Why are you attaching all these convoluted characteristics to art? Is it because you are otherwise unable to claim computer art isn’t art?
Art does not need to have intent. It doesn’t need philosophy. It doesn’t need to be made by a sentient being. It doesn’t need to be 100% original, because no art ever is. So what if a computer created it?
If you encounter an artist who never saw a cat, they would also not be able to paint it. Just look at these medieval depictions of lions where it is clear the artist never saw one.
Except it isn’t copying a style. It’s taking the actual images and turning them into statistical arrays and then combining them into an algorithmic output based on your prompt. It’s basically a pixel by pixel collage of thousands of pictures. Copying a style implies an understanding of the artistic intent behind that style. The why and how the artist does what they do. Image generators can do that exactly as well as the Gaussian Blur tool can.
The difference between the two is that you can understand why an artist made a line and copy that intent, but you’ll never make exactly the same line. You’re not copying and pasting that one line into your own work, while that’s exactly what the generator is doing. It just doesn’t look like it because it’s buried under hundreds of other lines taken from hundreds of other images (sometimes - sometimes it just gives you straight-up Darth Vader in the image).
So looking at images to make a generalised understanding of them, and then reproduce based upon additional information isn’t exactly what our brain does to copy someones style?
You are arguing against your own point here. You don’t need to “understand the artistic intent” to copy. Most artists don’t.
and just about any artist can draw Darth Vader as well, almost all non “ethics” or intent based argument can be applied to artists or sufficiently convoluted machine models.
But just about any artist isn’t reproducing a still from The Mandalorian in the middle of a picture like right-clicking and hitting “save as” on a picture you got from a Google search.
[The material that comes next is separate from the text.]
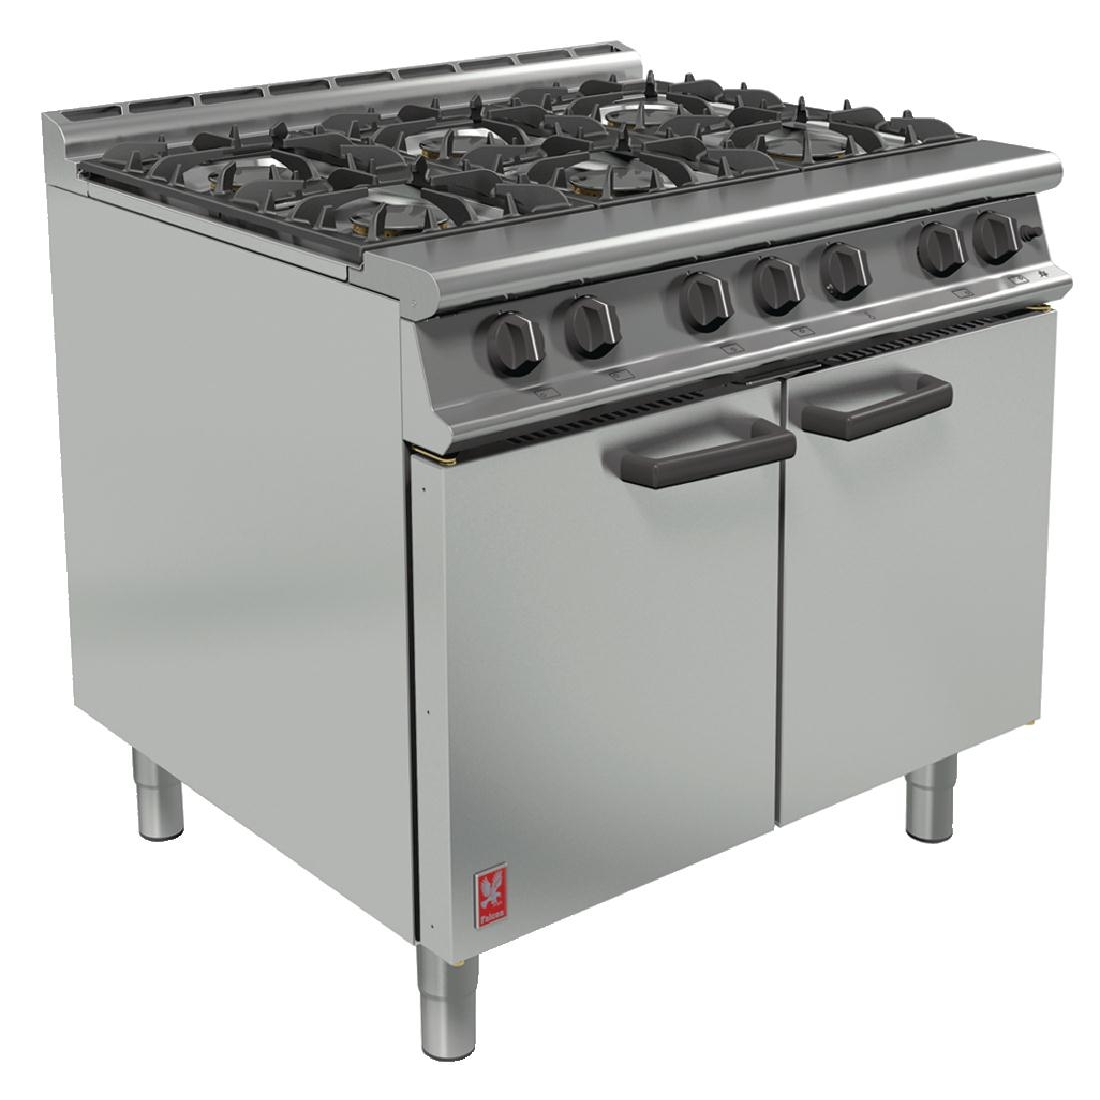 Falcon 6 Burner Dominator Plus Oven Range G3101 Natural Gas with Feet

Which these generators have done multiple times. A “sufficiently convoluted machine model” would be a senient machine. At the level required for what you’re talking about, we’re getting into the philosophical area of what it means to be a sentient being, which is so far removed from these generators as to be irrelevant to the point. And at that point, you’re not creating anything anyway. You’ve hired a machine to create for you.
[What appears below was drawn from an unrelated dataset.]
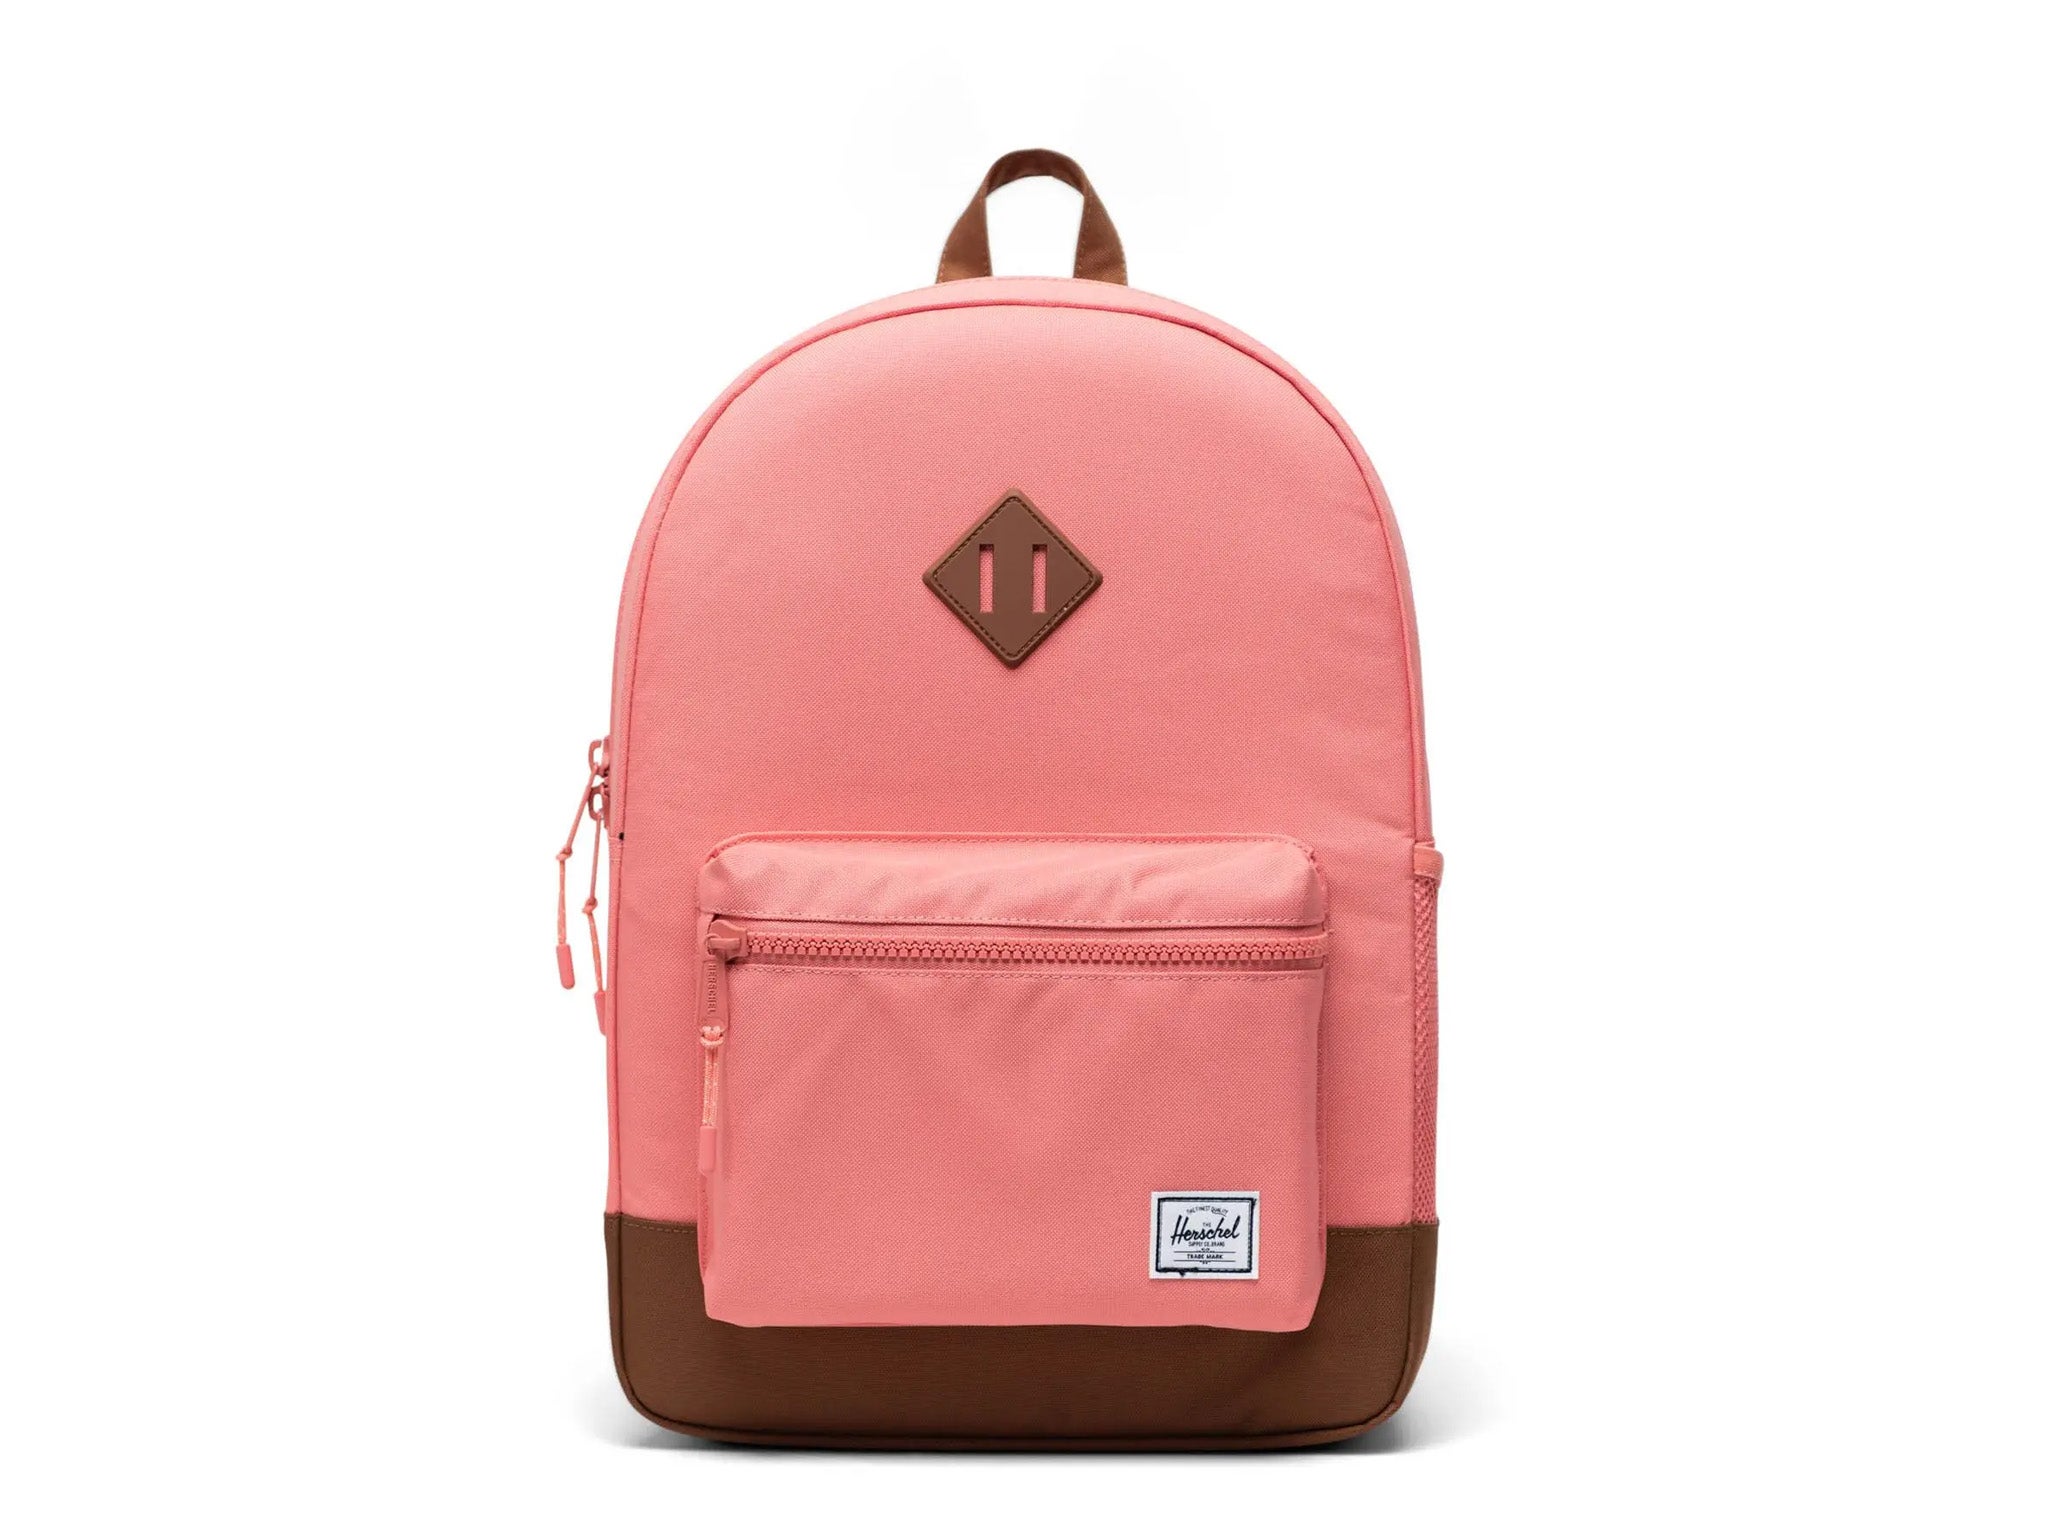 hersh-backpack-Indybest-review

These models are tools that use an algorithm to collage pre-existing works into a derivative work. They can not create. If you tell a generator to draw a cat, but it hasn’t any pictures of cats in its data set, you won’t get anything. If you feed AI images back into these generators, they quickly degrade into garbage. Because they don’t have a concept of anything. They don’t understand color theory or two point perspective or anything. They simply are programmed to output their collection of vectorized arrays in an algorithmic format based upon certain keywords.
Why are you attaching all these convoluted characteristics to art? Is it because you are otherwise unable to claim computer art isn’t art?
Art does not need to have intent. It doesn’t need philosophy. It doesn’t need to be made by a sentient being. It doesn’t need to be 100% original, because no art ever is. So what if a computer created it?
If you encounter an artist who never saw a cat, they would also not be able to paint it. Just look at these medieval depictions of lions where it is clear the artist never saw one.
Also, Dürer’s Rhino.
But he tried. That’s the important thing.